Somewhere between a tragic monologue and a brooding stare, Quentin slipped into a wildly incorrect accent that sounded vaguely European and deeply offensive to several countries. Sadie lost it. Full snort. Had to bend forward laughing, clutching the script like it had personally betrayed her.
“Absolutely not,” she said, wheezing. “That man is not allowed near a stage.”
“I was experimenting,” he defended. “You stifled my process.”

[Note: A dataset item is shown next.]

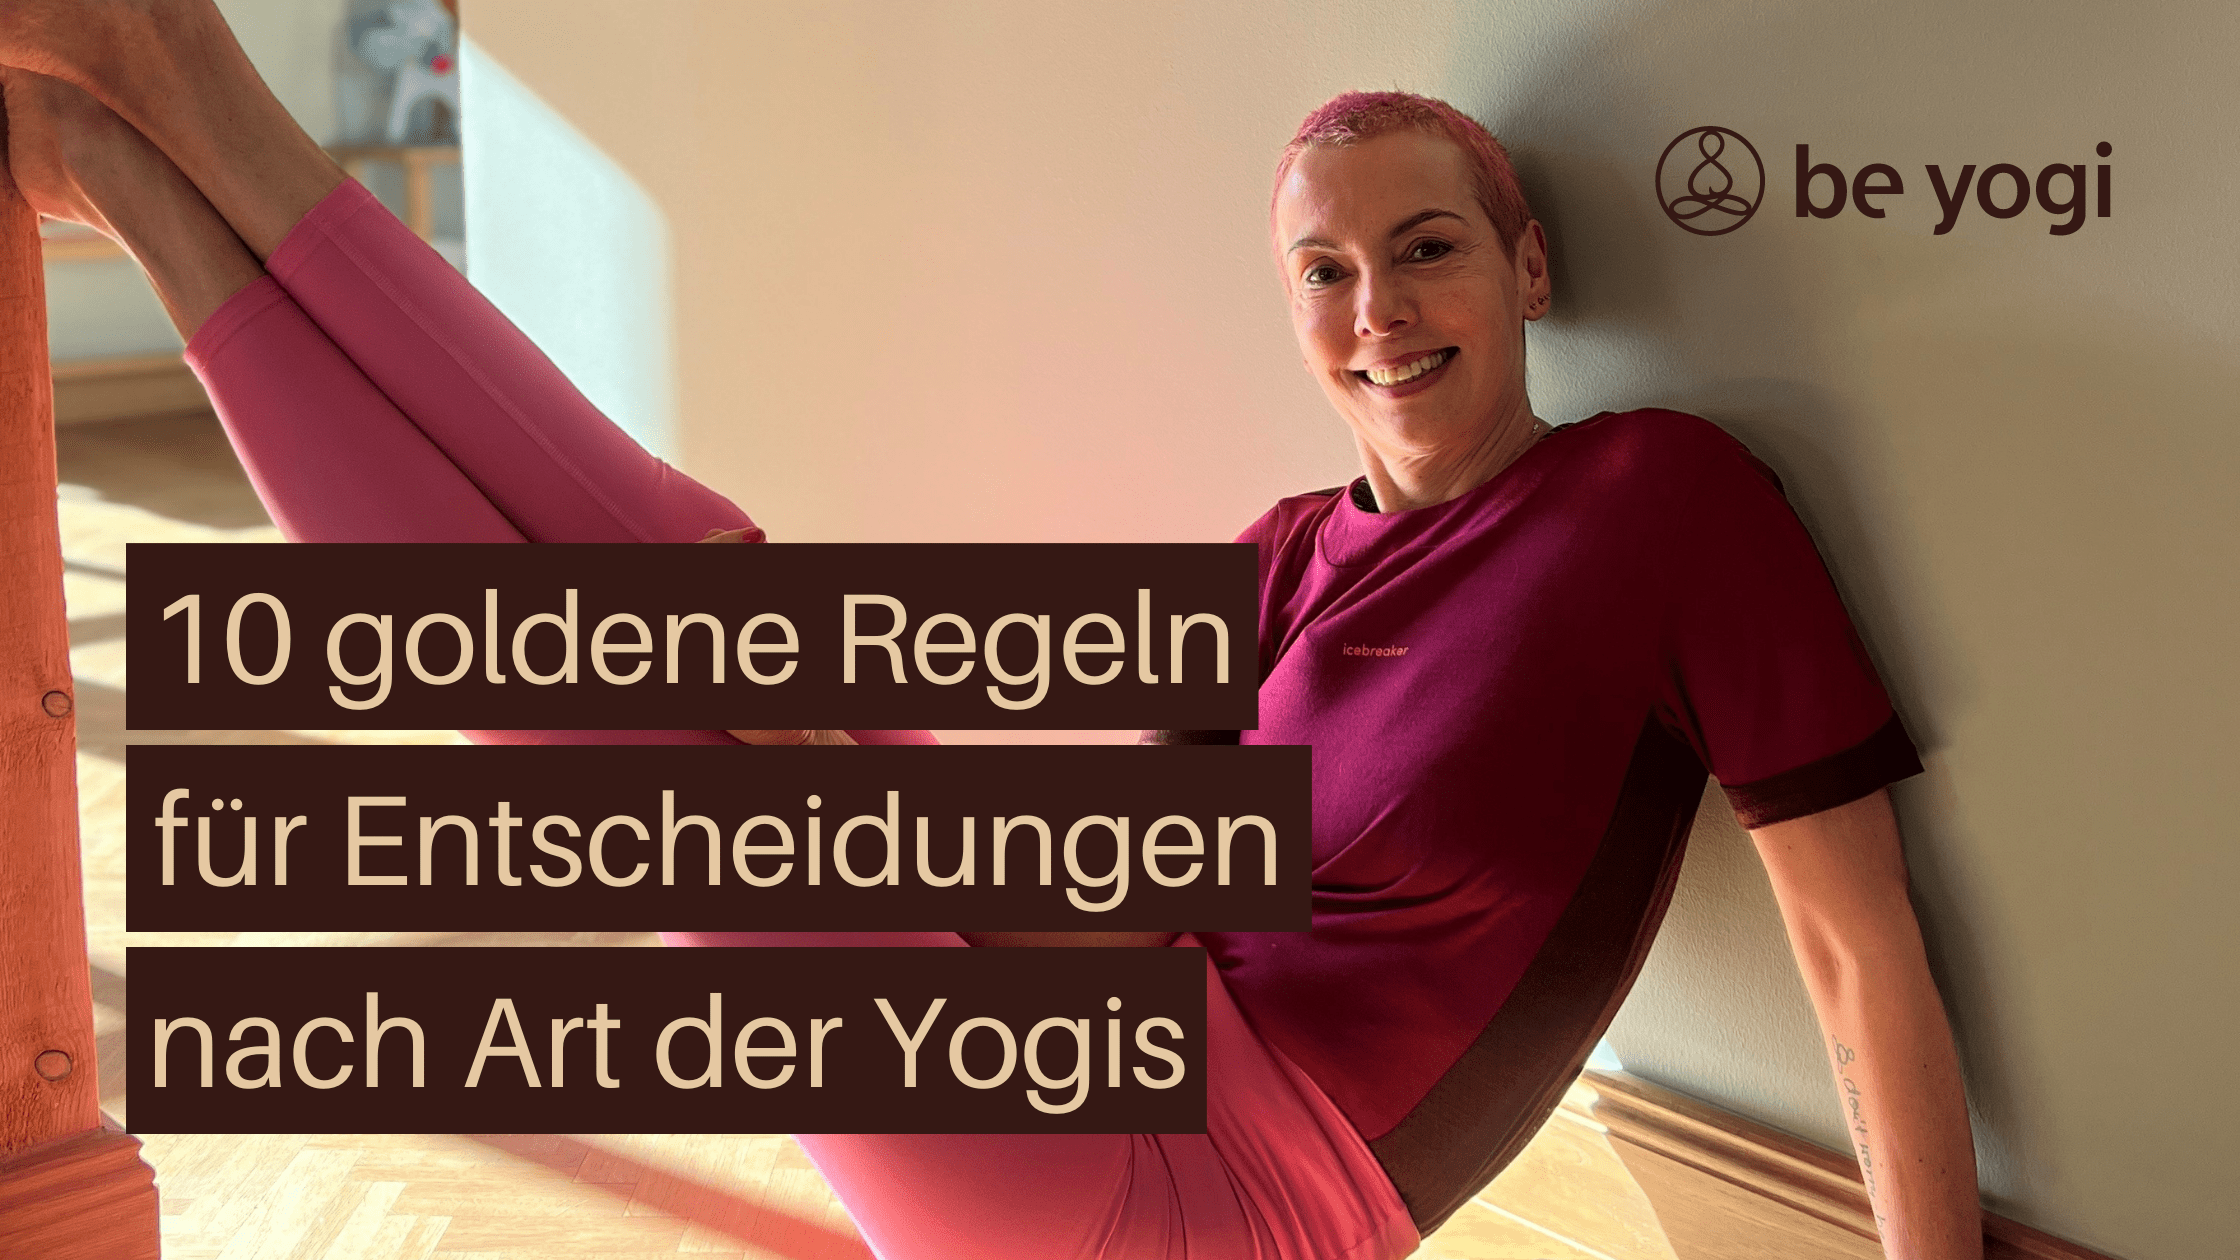 10 goldene Regeln für Entscheidungen nach Art der Yogis Artikel Yoga Ayurveda Be Yogi
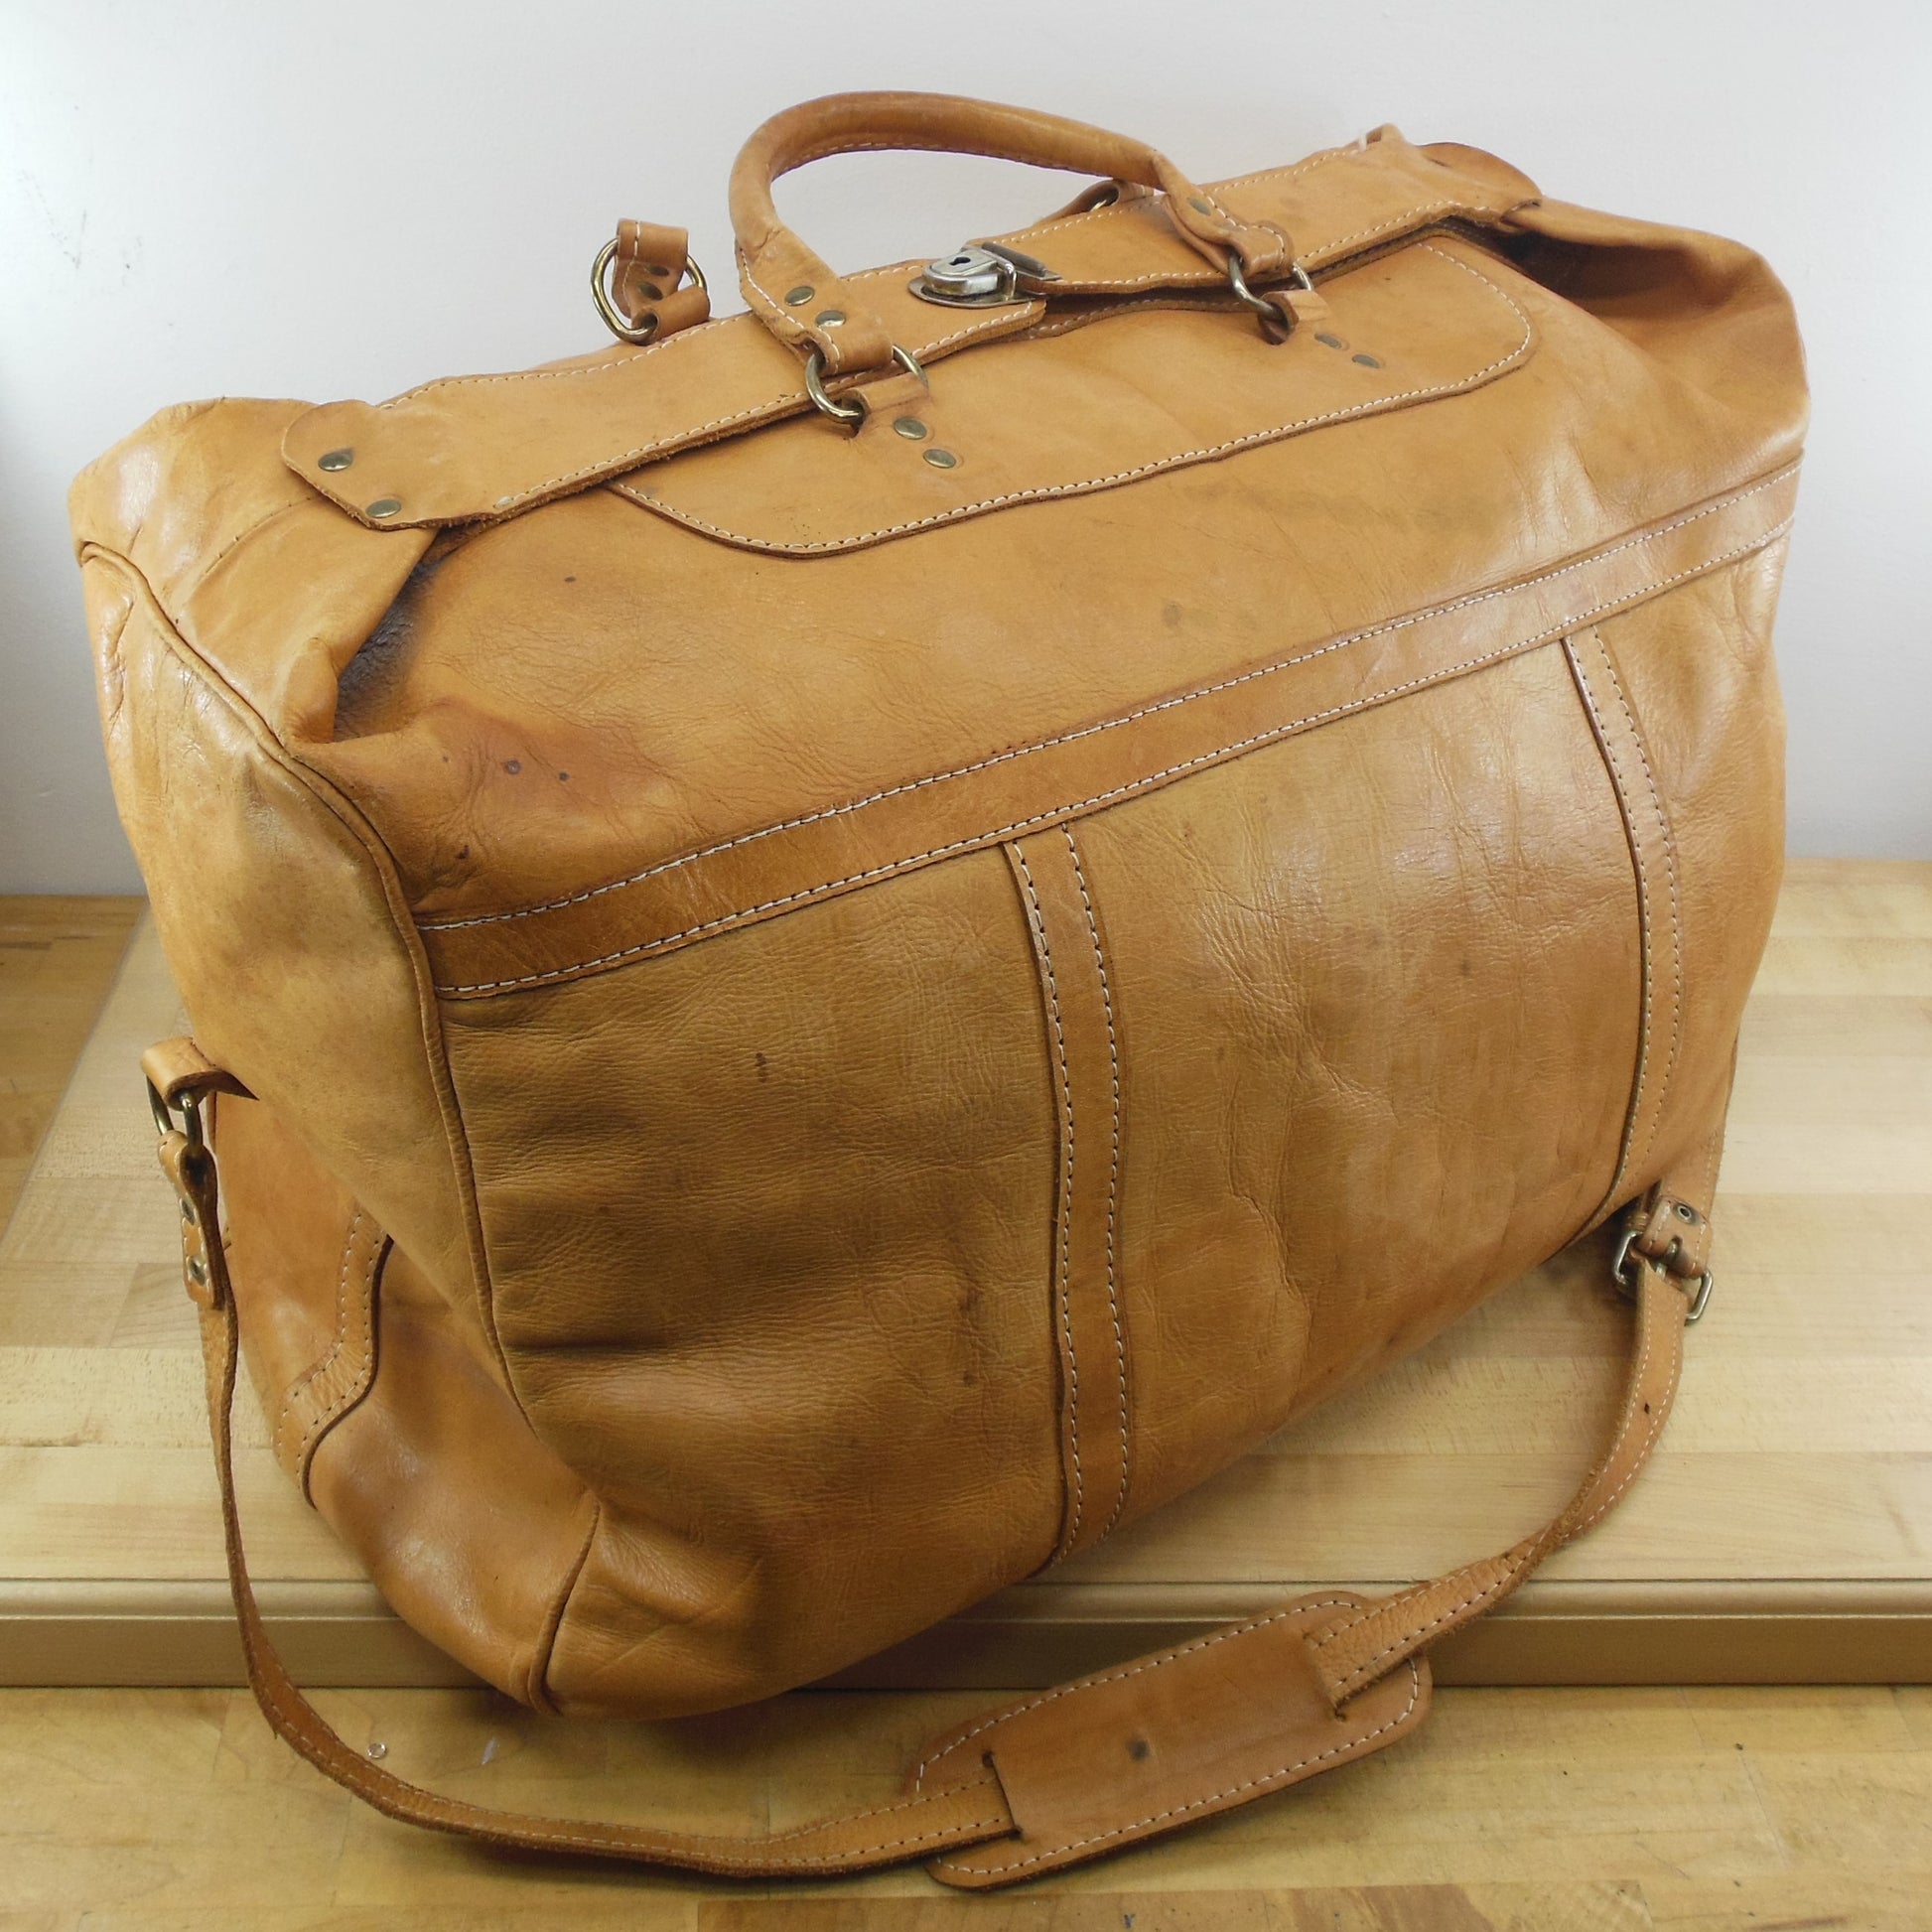 MR Canoa Industria Argentina Natural Leather Large Duffel Travel Bag Shoulder Strap

They tried again. This time, during an emotionally devastating confession, Sadie silently mouthed the words along with him, complete with exaggerated eyebrow acting and silent sobs. Quentin caught it mid-sentence and broke, laughing so hard he had to put his head in his hands.
Time blurred into a mess of bad accents, dramatic flailing, mock-crying, and eye contact that lingered just long enough to feel not accidental. By the time Quentin checked the clock, it was after ten, and the idea of leaving hadn’t even crossed his mind.
“I’ll be right back,” he said, stretching. “Bathroom break before my Tony-worthy performance.”
When he returned, he stopped short. Sadie was curled up on the couch, one arm slung over the back cushion, the other tucked under her cheek, completely out cold. Her script was abandoned on the floor.
Her face was softer in sleep, her long lashes casting shadows against her cheeks. Her lips were parted just enough to drive him insane. Plush, pink, and utterly kissable in the golden spill of the lamp light.
Quentin let out a breath through his nose, rough and uneven, then dragged a hand down his face.
“Focus,” he muttered. “You’re not a creep. You’re a professional. With boundaries. And morals…” His gaze dropped to her mouth again. “Christ, that mouth.”
He turned away, like distance could fix it, like five feet might dull the ache in his chest or the heat creeping low in his stomach. It didn’t.
He grabbed the throw blanket and gently draped it over her shoulders. She shifted, letting out a soft little sound that was half sigh, half hum, and something in his soul fully caved.
He should leave. Slip on his boots and walk out the door. Head back to his sad, empty cabin. Instead, he sat down on the edge of the couch. Just for a second. Just until he got his willpower together.
The room was warm. She smelled faintly sweet and distracting. His limbs felt heavy, his thoughts slowing, the fight draining out of him. Moments later, his eyes slipped shut. And just like that, he drifted off beside her.